In questo 2013 quasi da riporre in soffitta, ho letto più di 20 libri e stretto meno di 5 amicizie.
Magari è questo il mio problema. Ammesso che io ne abbia uno.
Ieri un ragazzo, alla fermata dell’autobus, mi ha detto, testuali parole: “Ma ti piace davvero così tanto leggere? Hai sempre un libro in mano, quando ti vedo. Non lo capisco.”
Ho sorriso e basta, per poi rituffarmi subito tra le pagine.
Che avrei potuto dirgli? Non l’avevo neppure mai notato, io. Che avrei potuto rispondere?

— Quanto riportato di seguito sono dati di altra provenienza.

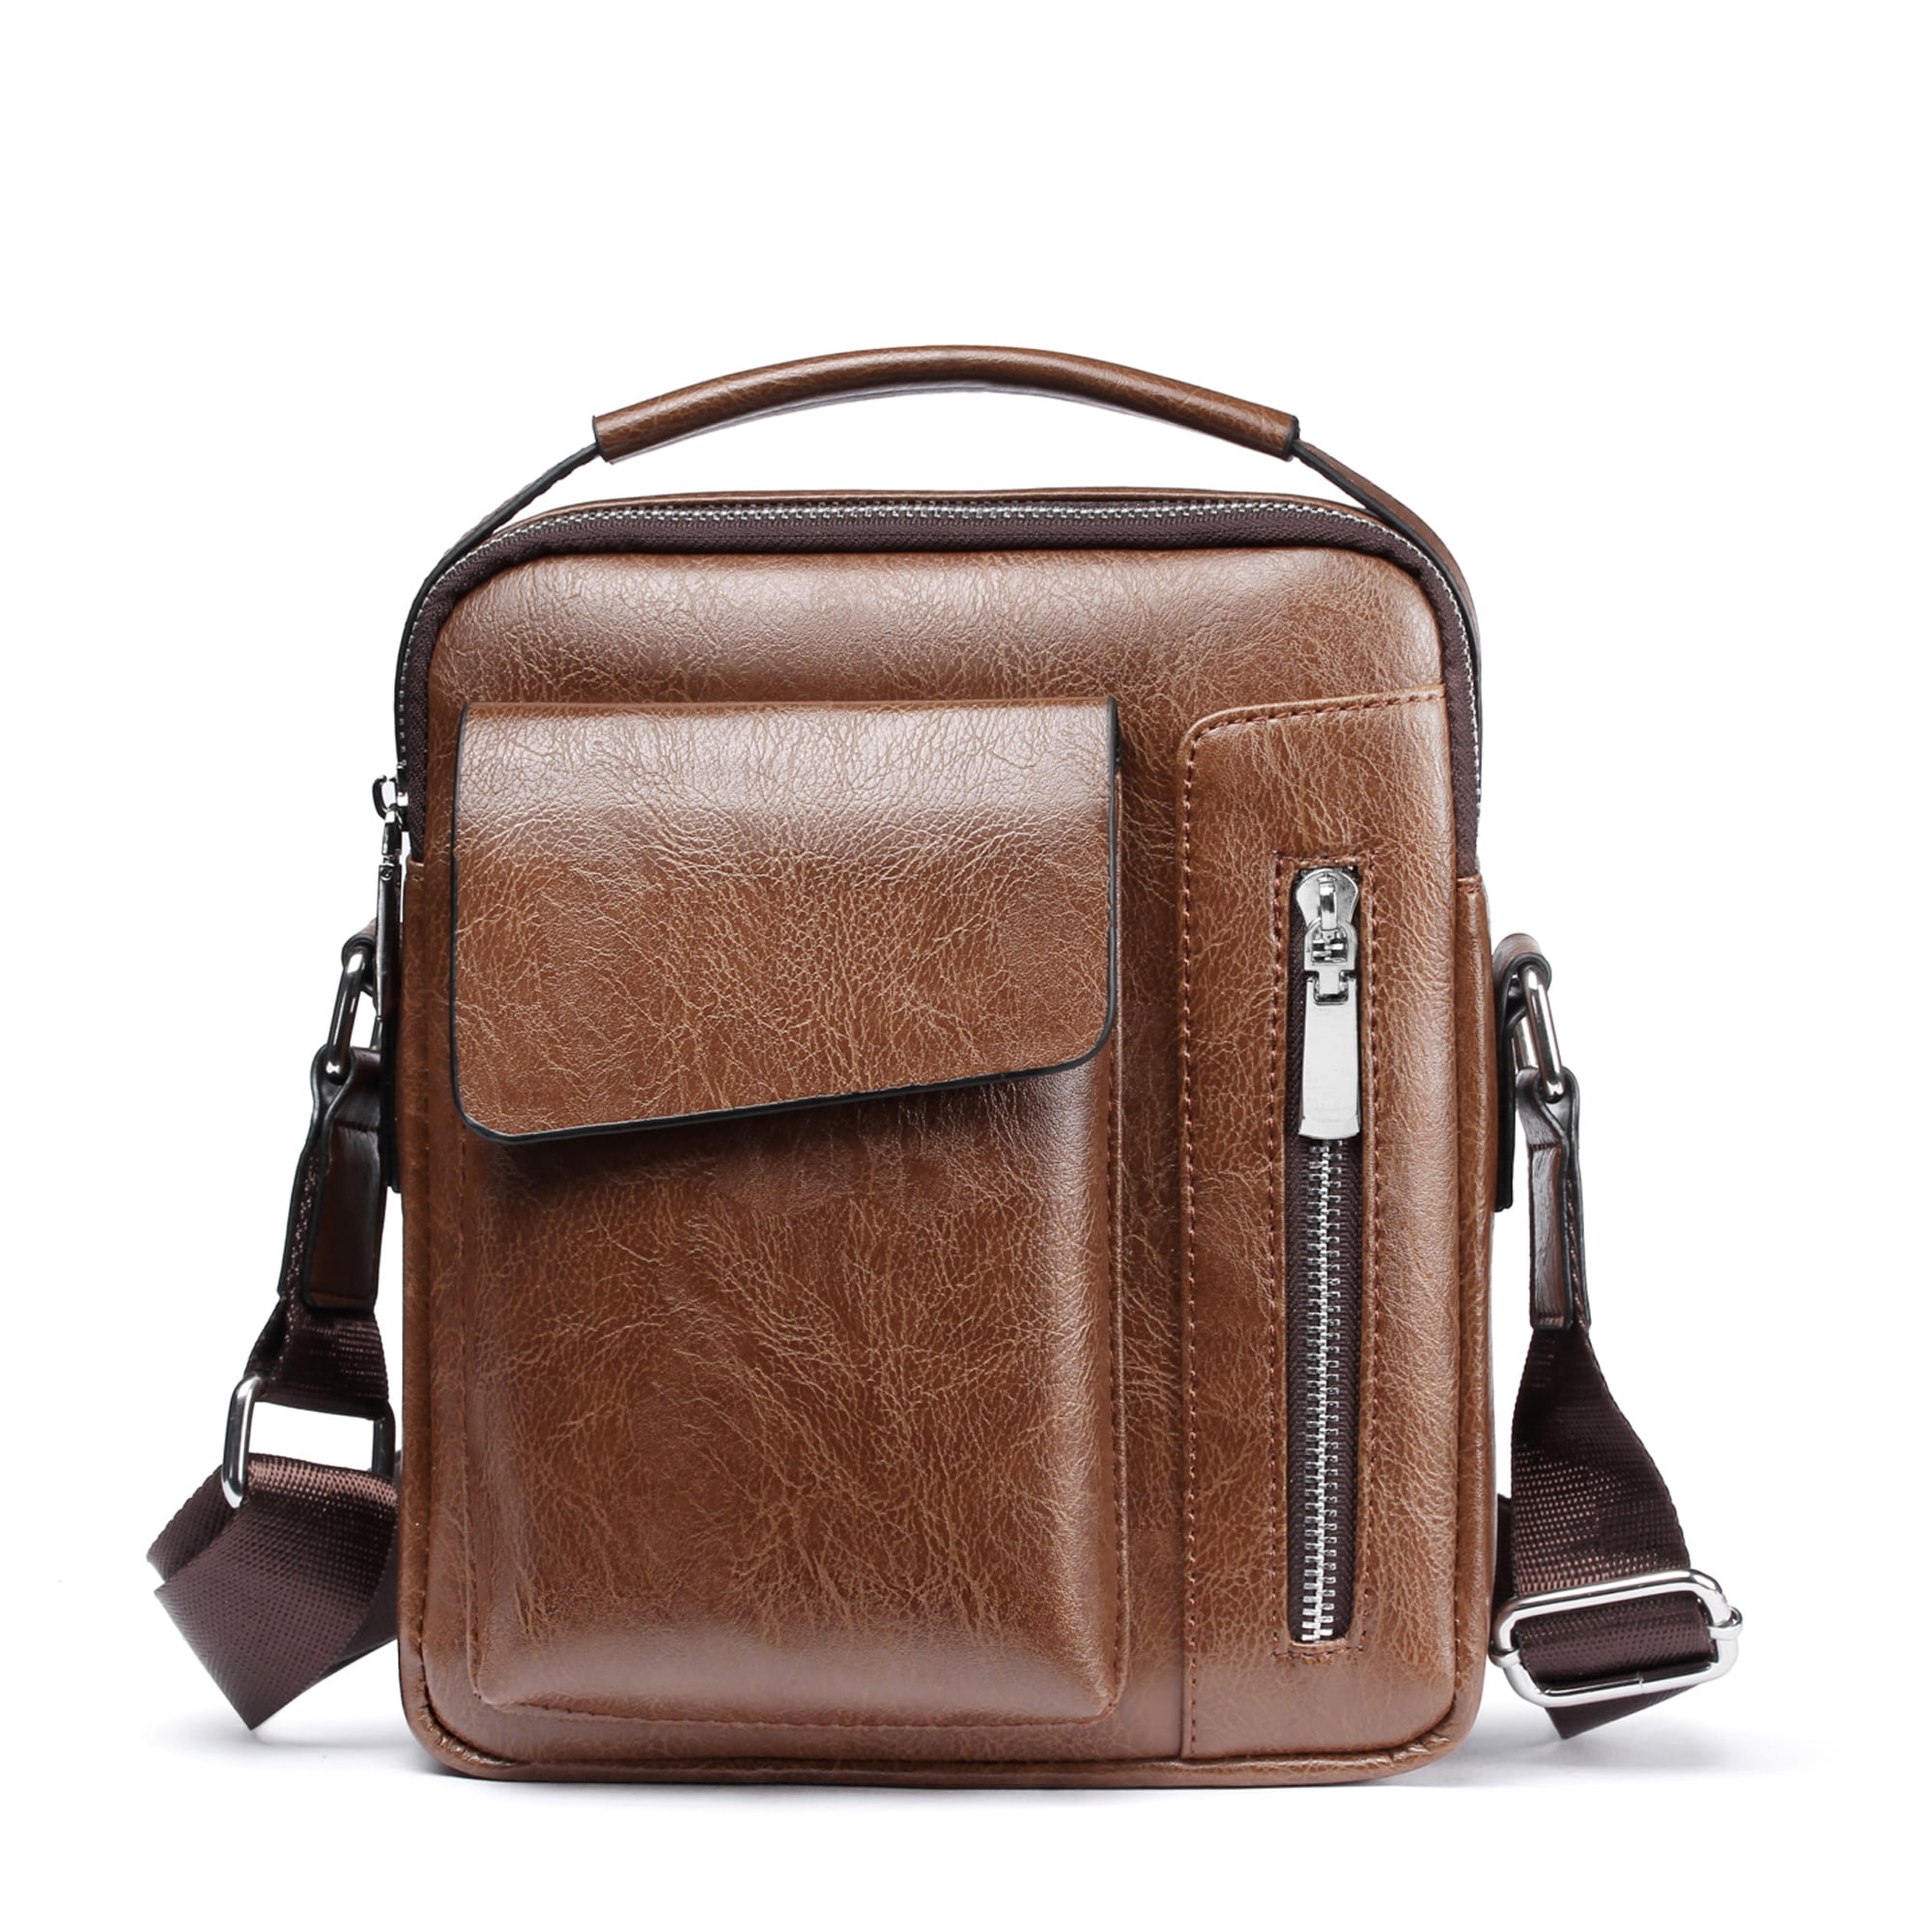 Leather Crossbody Bag for Men Small Shoulder Messenger Bags Side Man Purse  Handbag for iPad 7.9 Travel Work Business Brown

Tanto “non lo capisce”, voglio dire.
Con i libri è più facile che con le persone.
Certi libri, quando finisco di leggerli, li abbraccio.
Li abbraccio sul serio, ovunque io mi trovi, per dirgli grazie.
Non è così facile essere altrettanto spontanei con le persone.
Ci sono regole, sottintesi, malintesi.
Con i libri è tutto chiaro. E’ tutto nero su bianco, niente scherzi.
E se ci sono sottintesi è solo perché ce li metto io stessa, tra le righe, nascondendo – o forse cercando – un pezzetto della mia vita, lì in mezzo.
Oggi ho abbracciato un libro appena finito, in treno, di ritorno dal lavoro.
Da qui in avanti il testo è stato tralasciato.